Which view do I need?¶
Use the decision guide below to find the right starting point for your use case.
| Use case | Recommended view(s) |
|---|---|
| Train an ML model on PSM-level spectral features | psm (with spectral arrays) + mz |
| Retrieve peptide intensities per sample | feature |
| Build a volcano plot | de |
| Compare protein abundance across conditions | ae or pg |
| Look up which proteins a peptide maps to | pepmap, feature, or psm |
| Get a quick protein or peptide report for a web portal | API Views |
| Understand the experimental design | sample + run |
| Get project-level metadata and search parameters | dataset |
| Integrate with scanpy / scverse ecosystem | .ae.h5ad + .de.h5ad |
| List all files in a QPX project | dataset or glob {PREFIX}-*.parquet |
Note
Some views are better suited for specific acquisition methods. The psm view is primarily intended for DDA experiments. The feature view covers both DDA and DIA workflows.
Shared concepts¶
Several data structures are reused across multiple views. Each concept has its own page with full definitions and examples.

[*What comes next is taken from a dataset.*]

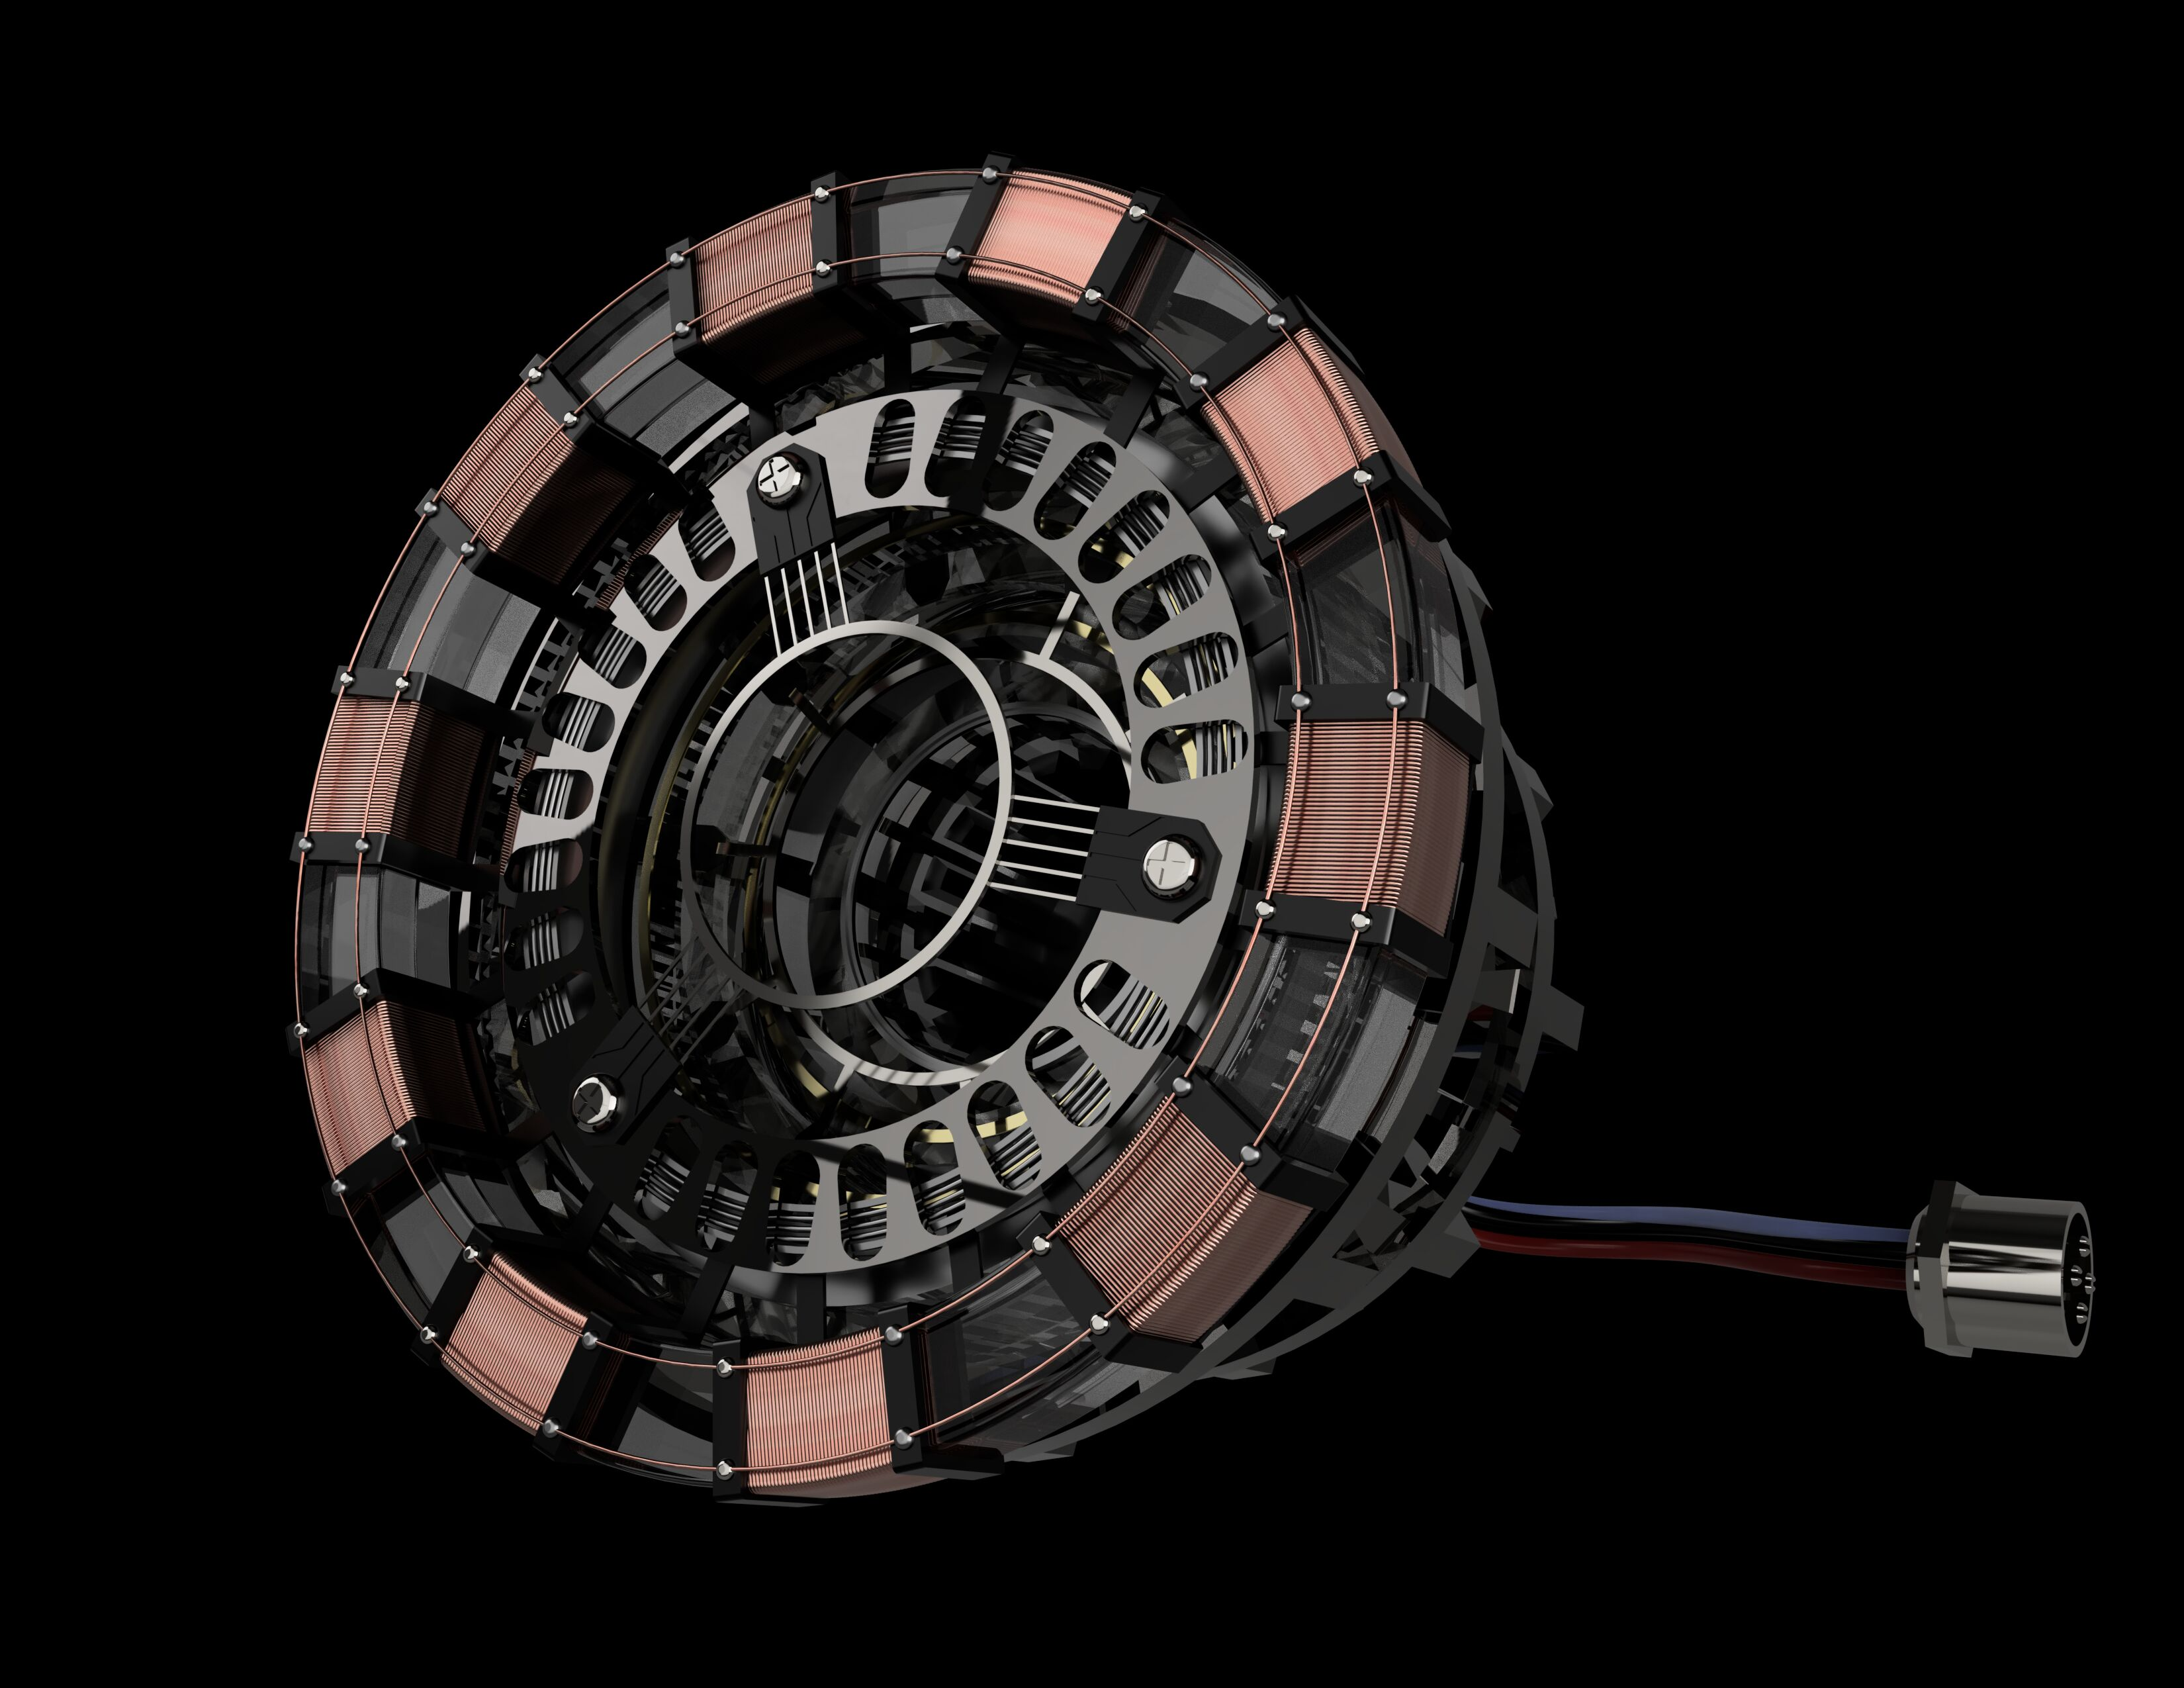 Z-tony-stark-2020-jul-18-03-41-00am-000-customizedview29459797161-png-3500-3500

| Concept | Used in views | Description |
|---|---|---|
| Peptidoform | PSM, Feature | Peptide sequence with modifications in ProForma notation |
| Modifications | PSM, Feature | Structured modification representation with localization scores |
| Intensities | Feature, Protein Group | Primary and additional intensity measurements across channels |
| Scores & CV Terms | PSM, Feature, Protein Group | Search engine scores and controlled vocabulary parameters |
| Scan Numbers | PSM, Feature, MZ | Instrument-specific scan identifiers and format conventions |
Current status¶
The QPX format is at version 1.0, primarily implemented in the quantms workflow. The format is open and can be adopted by any software tool. Versioning follows {major}.{minor} semantics: major releases may introduce breaking changes, while minor updates remain backward compatible. Every view file includes a qpx_version metadata field to identify which specification version produced it.